How expanded financial assistance, a streamlined application process and creative legislation can help Black and brown-owned businesses revive communities hit hardest by the pandemic.

At the start of the COVID-19 pandemic, many small-business owners of color were concerned about whether they could continue to support their communities.

“I felt a fear of the unknown,” says Rashaud Michel, co-founder of the Miami-based creative collective the BLCK Family. The collective installs performance art shows that bring community members together for family-style meals and conversation.

The pandemic brought the BLCK Family’s shows to a halt in early 2020, leading to uncertainty about the future of the collective. According to Michel, “We wanted to continue to reach the goals we had set for ourselves, but without being together in person, there was fear about where we would go next.”

Employees are an important part of a small-business owner’s community.

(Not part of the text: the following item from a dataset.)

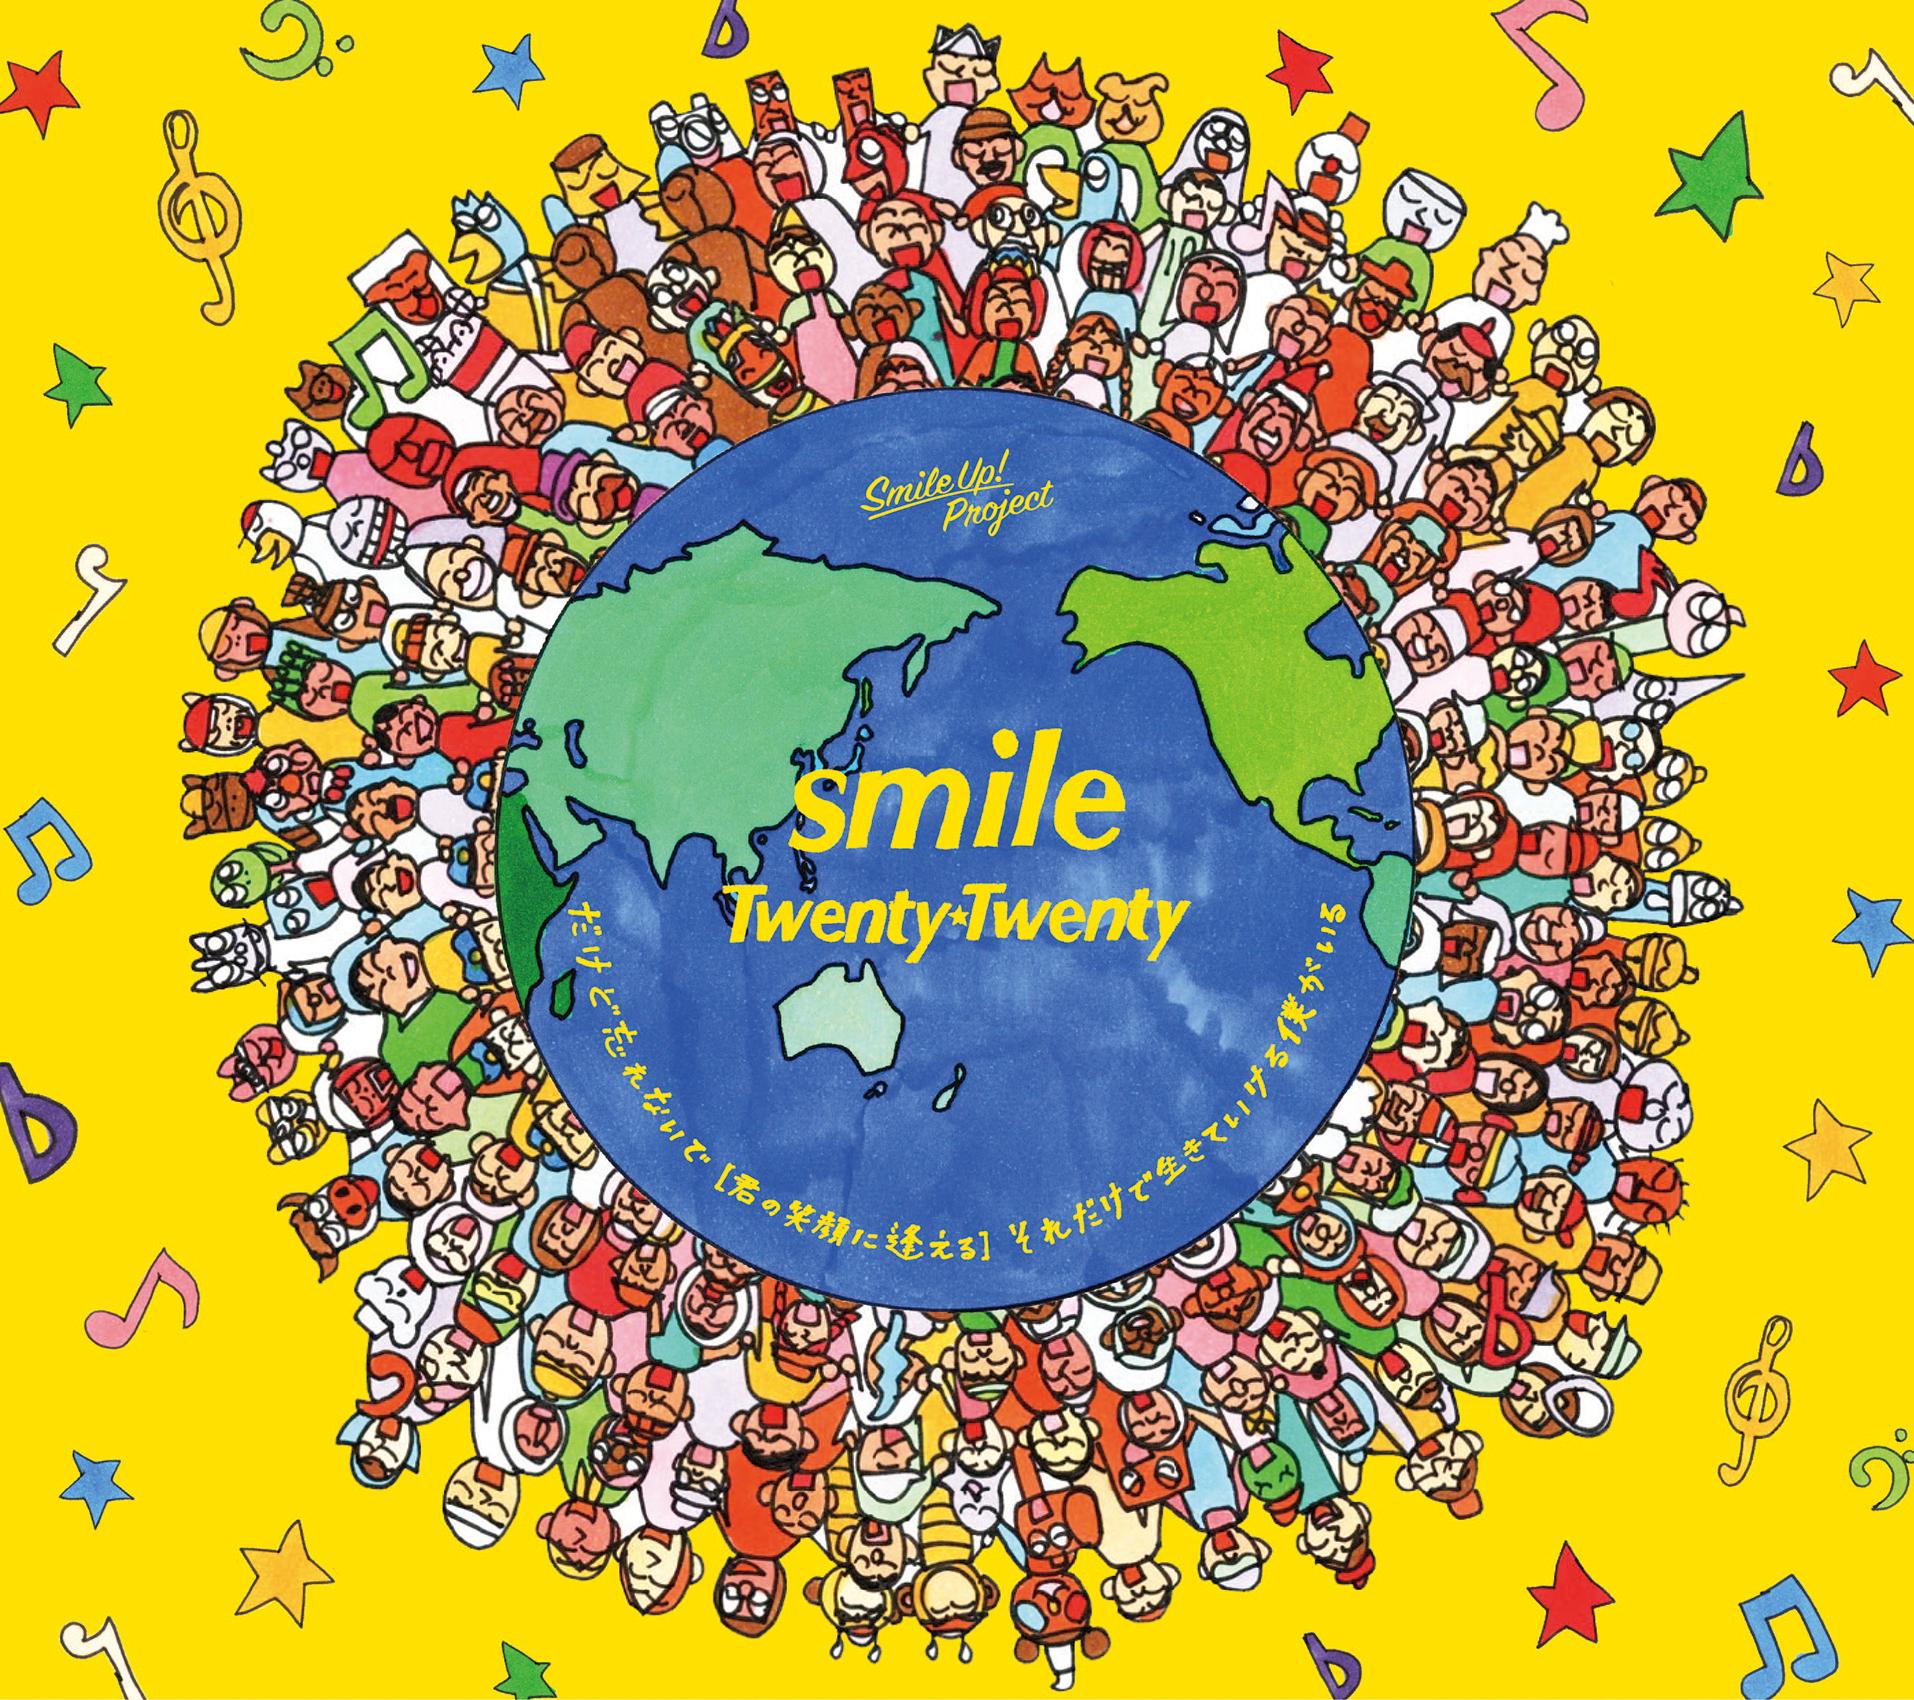 Twenty☆Twenty (トゥエンティー・トゥエンティー) チャリティーソング『smile』(2020年8月12日発売) 高画質CDジャケット画像 (ジャケ写)

Many entrepreneurs felt concern for the health and financial stability of their staff during the pandemic.

“I worried about what would happen to my employees, and how I could protect them as best I could,” says Chris Goode, owner of Ruby Jean’s Juicery in Kansas City, Mo.

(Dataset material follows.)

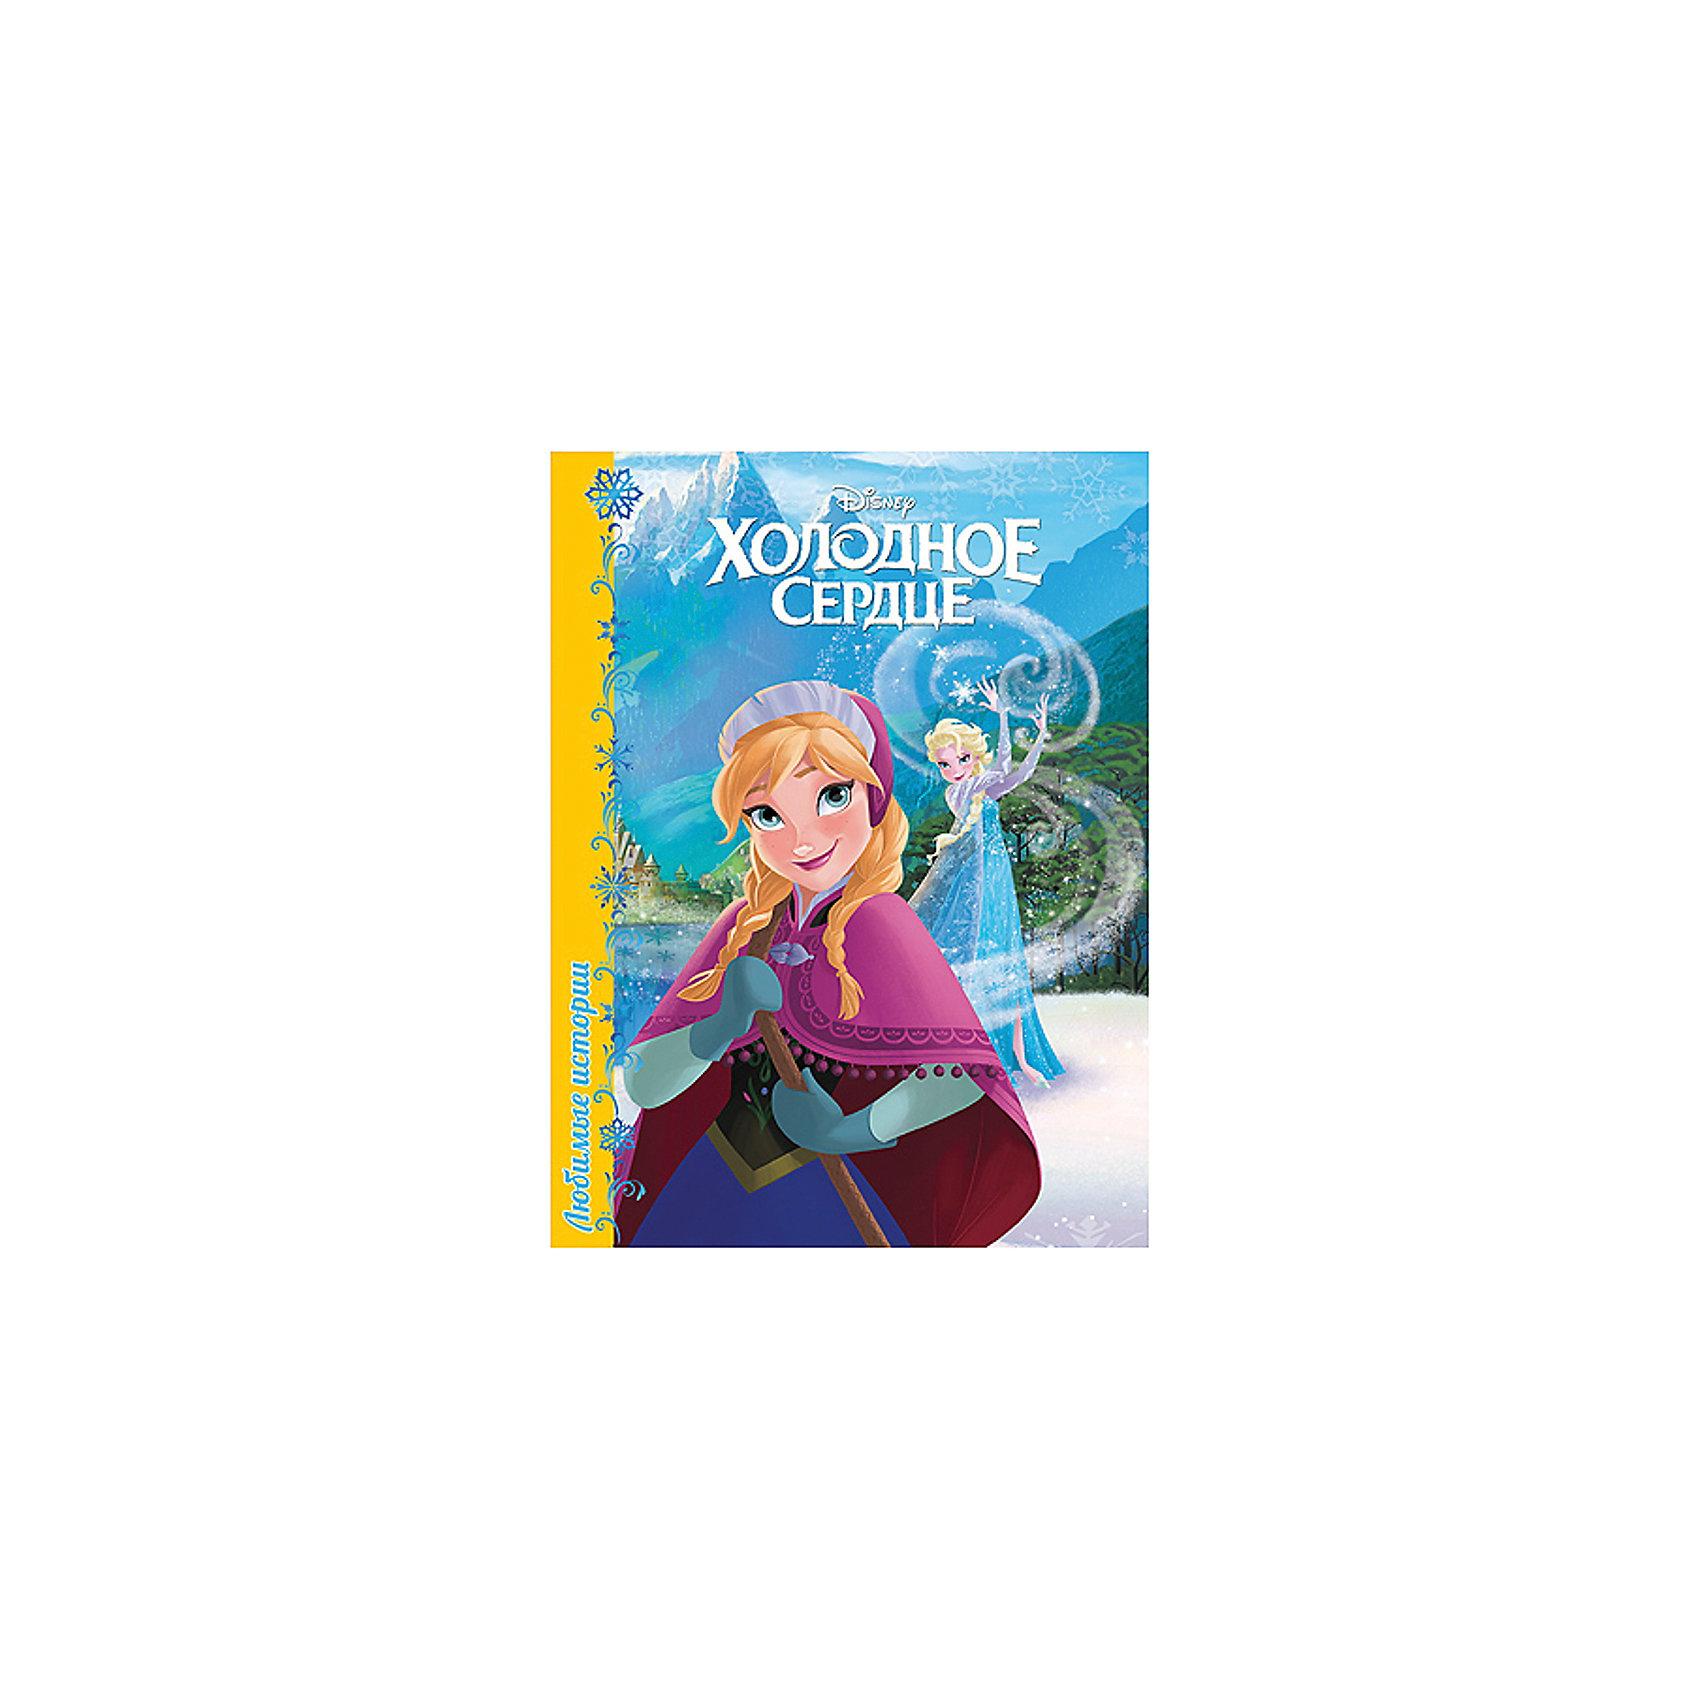 Книга Любимые истории, Холодное сердцеКнига Любимые истории, Холодное сердце - это великолепно оформленная книга с множеством красочных иллюстраций.<br>Возможно ли, попасть в сказку по-настоящему?  Конечно, ведь у тебя в руках книги Disney! Вместе с героями Холодного Сердца ты повстречаешь дружелюбного снеговика, снежного монстра, а также узнаешь, на какие чудеса способна истинная любовь! Скорее открывай книгу! Приключения начинаются! Для детей дошкольного возраста. Для чтения взрослыми детям.<br><br>Дополнительная информация:<br><br>- Издательство: Проф-Пресс<br>- Серия: Disney. Любимые истории<br>- Тип обложки:  картонная обложка, картонные страницы<br>- Иллюстрации: цветные<br>- Количество страниц: 8 (картон)<br>- Размер: 160x50x220 мм.<br>- Вес: 140 гр.<br><br>Книгу Любимые истории, Холодное сердце можно купить в нашем интернет-магазине.<br><br>Ширина мм: 160<br>Глубина мм: 50<br>Высота мм: 220<br>Вес г: 140<br>Возраст от месяцев: 36<br>Возраст до месяцев: 72<br>Пол: Унисекс<br>Возраст: Детский<br>SKU: 4160582

Jessica Somera, owner of the freight-forwarding service ARCA World Logistics, had similar feelings. “My priority was that my team was safe, and that they felt comfortable. I wanted people to be able to put themselves and their families first.”

As entrepreneurs of color, Michel, Goode and Somera are critical to the economic growth of the areas in which they live. All three hire from within their communities, and their organizations contribute to the financial and cultural well-being of their neighborhoods.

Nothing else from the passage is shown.